On Sun, 8 Jan 2006, Dustin Goodwin wrote:

> I am not sure what rocket you had to strap to this article to make the 
> leap from public policy that promotes broadband to socialism. But it 
> must have been large! Is NYC's water tunnel number 3 socialism or smart 
> public policy? What the rural electrification authority socialism or 
There is such thing as 'natural monopoly'.  Gas lines, water lines, *phone
lines and coax lines* are natural monopolies and does not make sense to
have multiple companies competing with each other. Now, putting *content* 
over those lines is definitely *not* a natural monopoly. Broadband is 
definitely *not* a natural monopoly. 

> smart public policy? YOUR ALREADY PAYING SUBSIDIES to the incumbent 
Oh, man, don't even start with rural electrification. That is *definitely* 
socialism. In fact, that was Lenin's #2 order right after the revolution. 
(Trust me, I spent 16 years in Soviet Union).
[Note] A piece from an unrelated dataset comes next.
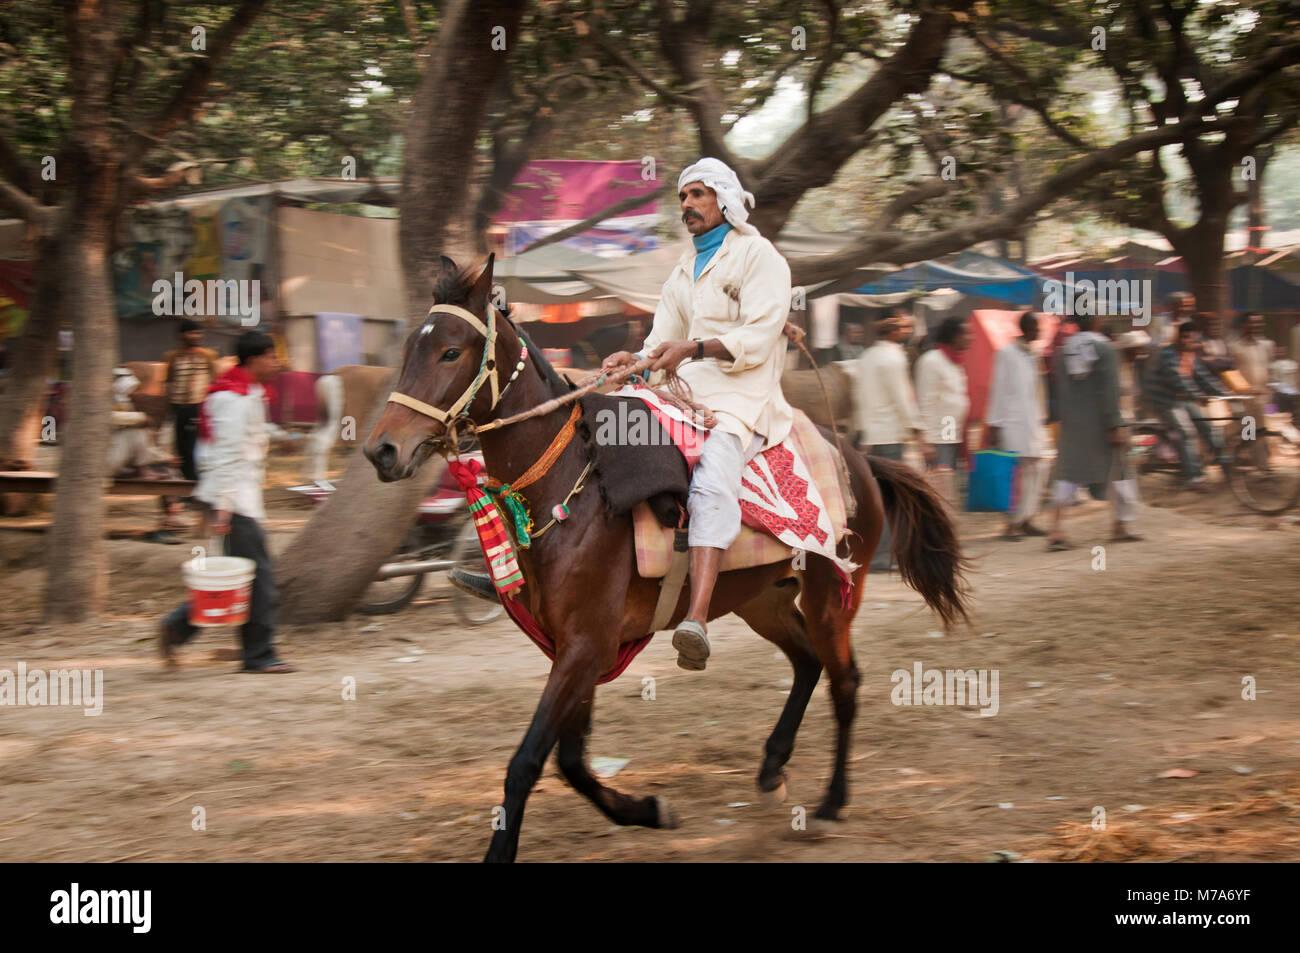 Sonepur Mela Stock Photos & Sonepur Mela Stock Images - Alamy

> telcos and getting nothing for it. How about we stop talking about
> socialism and start talking about replacing dumb public policy (like
> paying incumbent telcos for broadband we don't get) with smart public
> policy. If you happy with current arrangement good for you. I am glad
> your broadband sucks and is expensive. Maybe you do something that
> doesn't depend on ubiquitous global Internet connectivity priced
> properly. But I doubt it.
There's an obvious solution, 'structural separation' for ILECs - one 
entity owns the wire plant and COs, another entity owns everything inside 
COs. Entity #1 would sell access to wire plant to all comers.

Of course, with current FCC this has a chance of snowball in hell of 
happening.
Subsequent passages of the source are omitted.